═══ PROVIDED MATERIAL ═══

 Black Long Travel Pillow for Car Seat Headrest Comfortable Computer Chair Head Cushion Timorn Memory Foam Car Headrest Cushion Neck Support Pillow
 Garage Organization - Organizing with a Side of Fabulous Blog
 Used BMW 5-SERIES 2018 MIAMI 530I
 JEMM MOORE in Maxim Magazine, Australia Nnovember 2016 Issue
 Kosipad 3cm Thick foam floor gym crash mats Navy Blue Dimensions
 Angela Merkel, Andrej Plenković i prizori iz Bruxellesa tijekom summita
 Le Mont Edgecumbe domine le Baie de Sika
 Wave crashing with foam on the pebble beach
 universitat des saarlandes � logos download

═══

● **TASK STATEMENT**:
Every entry must be retyped in full, exactly as given.

● **SOLUTION TO THIS EXERCISE**:
 Black Long Travel Pillow for Car Seat Headrest Comfortable Computer Chair Head Cushion Timorn Memory Foam Car Headrest Cushion Neck Support Pillow
 Garage Organization - Organizing with a Side of Fabulous Blog
 Used BMW 5-SERIES 2018 MIAMI 530I
 JEMM MOORE in Maxim Magazine, Australia Nnovember 2016 Issue
 Kosipad 3cm Thick foam floor gym crash mats Navy Blue Dimensions
 Angela Merkel, Andrej Plenković i prizori iz Bruxellesa tijekom summita
 Le Mont Edgecumbe domine le Baie de Sika
 Wave crashing with foam on the pebble beach
 universitat des saarlandes � logos download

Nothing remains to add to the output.